Let's connect our model to an external web content fetch server, which allows it to retrieve and process information from web pages in real time. 

We will be using the [Official MCP Fetch Server](https://github.com/modelcontextprotocol/servers/tree/main/src/fetch). This enables our model to fetch, read, and summarize content from any URL, making it possible to answer questions using up-to-date information from the internet. 

In [None]:
replicate_model = "ibm-granite/granite-4.0-h-small"
server_command = "python"
server_args = ["-m", "mcp_server_fetch"]

async with GraniteMCPClient(replicate_model, server_command, server_args) as client:
    instructions = """
    You are a helpful assistant with access to a fetch, a tool that helps you read webpages given a url. You can use this to help answer user queries. ALWAYS answer the user's query DIRECTLY regardless of whether you use a tool call or not. Do not include a max_length parameter in your calls to fetch. The output will never be truncated. You are provided all of it. Do not tell the user you cannot answer their request because the output is truncated.
    """

    user_text = (
        "Read a maximum of 10000 characters from this website 'https://research.ibm.com/blog/granite-vision-ocr-leaderboard' and then summarize the content."
    )

    combined_prompt = f"{instructions}\n\n---\n\n{user_text}"

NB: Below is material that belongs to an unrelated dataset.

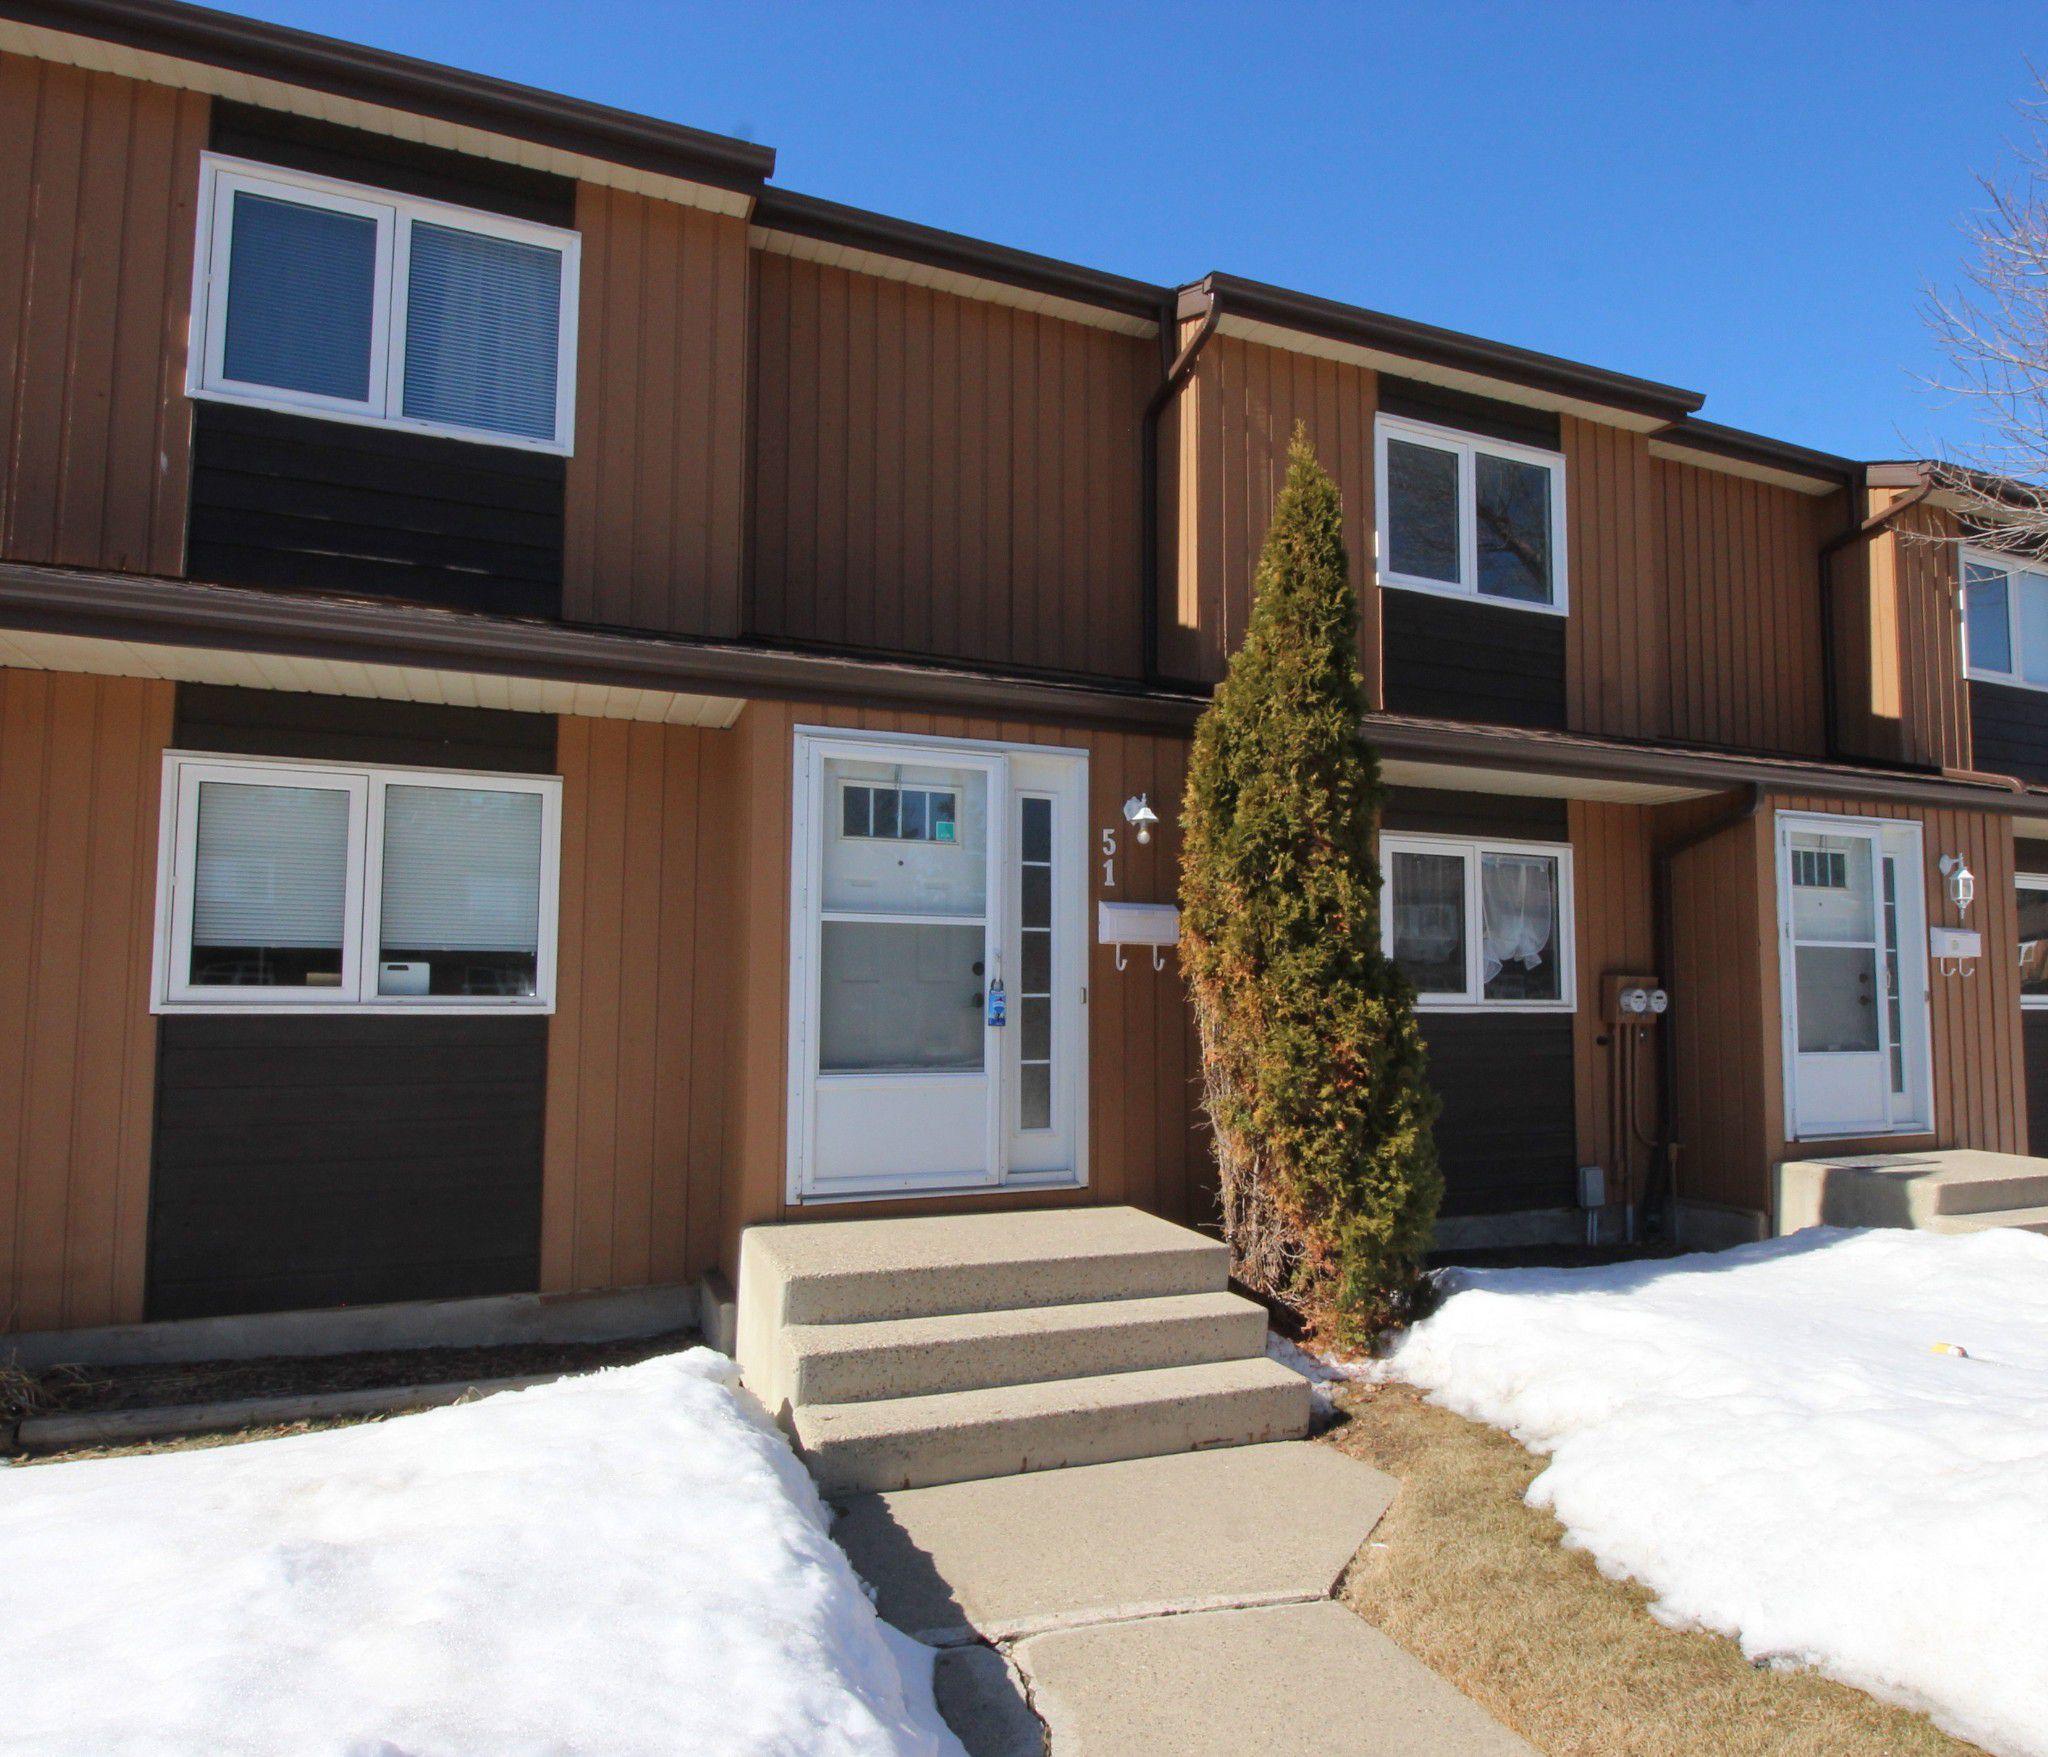 Main Photo: 51 3115 119 Street in Edmonton: Townhouse for sale
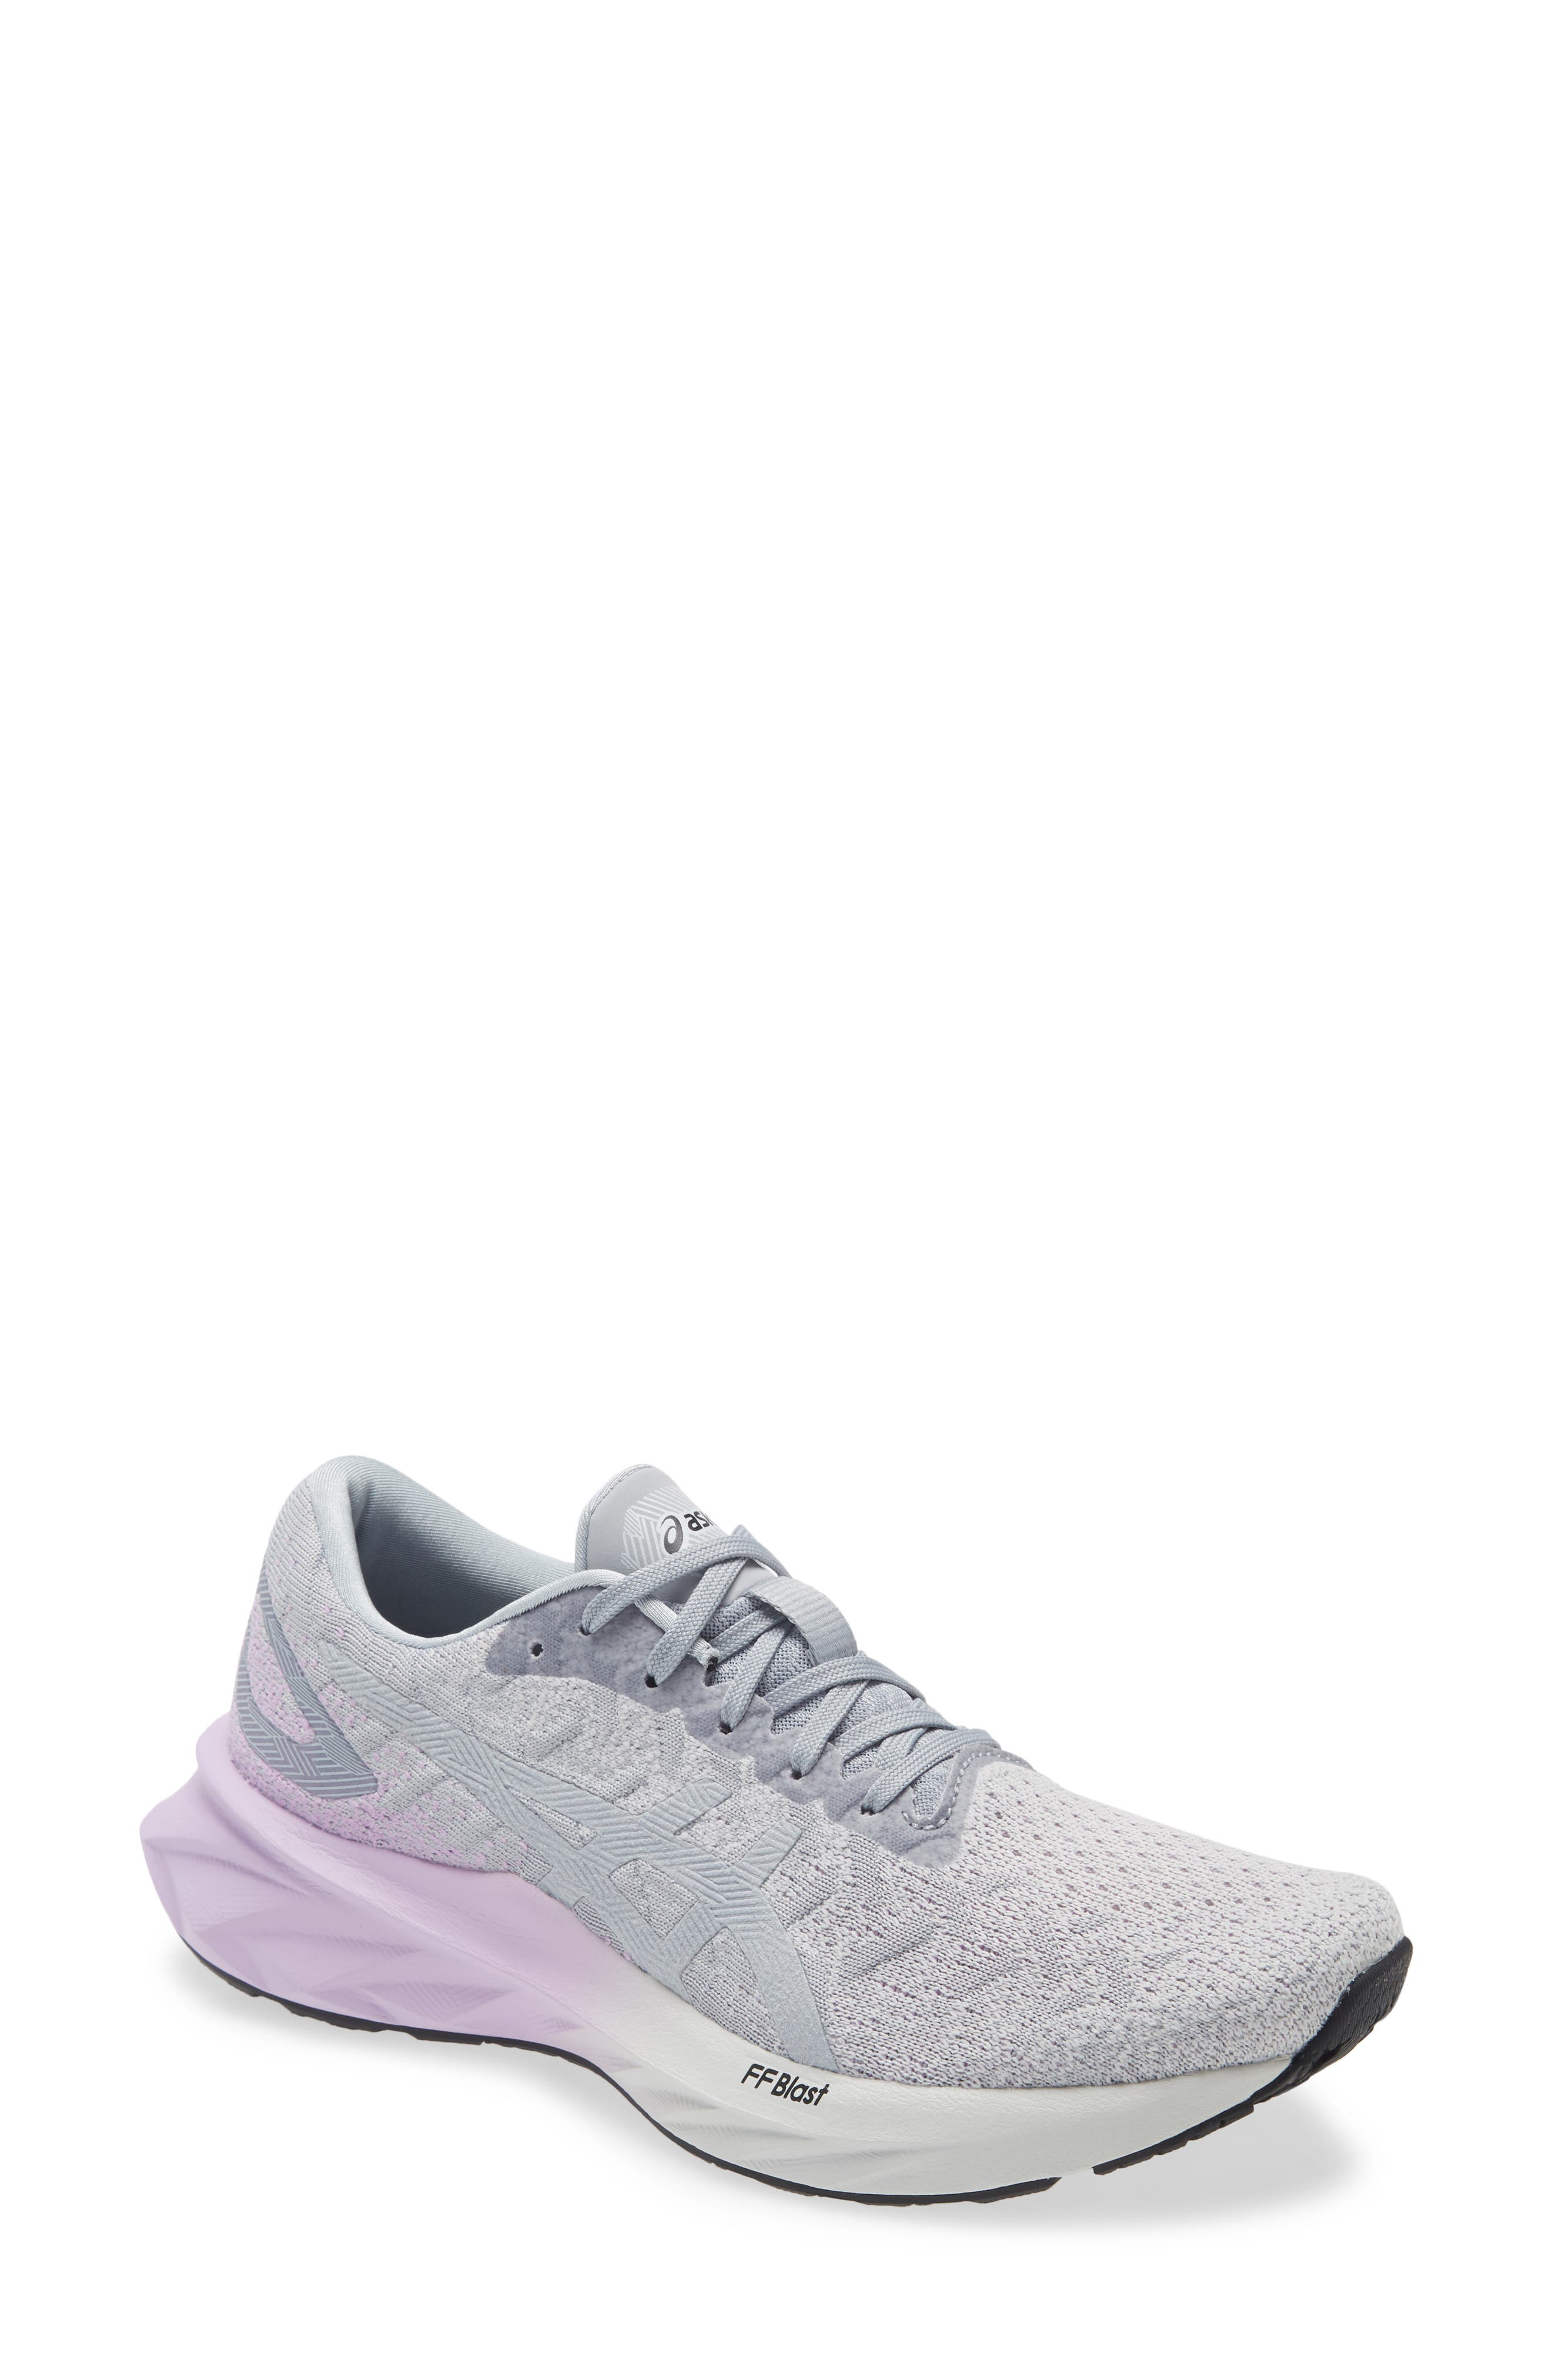 Women's Asics Dynablast Running Shoe

    response = await client.chat(combined_prompt, max_tool_executions = 1)
    print(response)


### Conclusion

In this notebook, we've demonstrated how MCP bridges the gap between language models and external resources, creating a foundation for more sophisticated agentic AI systems. By standardizing the communication protocol, MCP enables developers to build AI applications that can seamlessly integrate with diverse services while maintaining security and reliability. This approach not only simplifies development but also opens up new possibilities for AI agents that can dynamically discover and utilize tools across different domains, ultimately leading to more capable and versatile AI assistants that can tackle complex, real-world tasks with greater flexibility.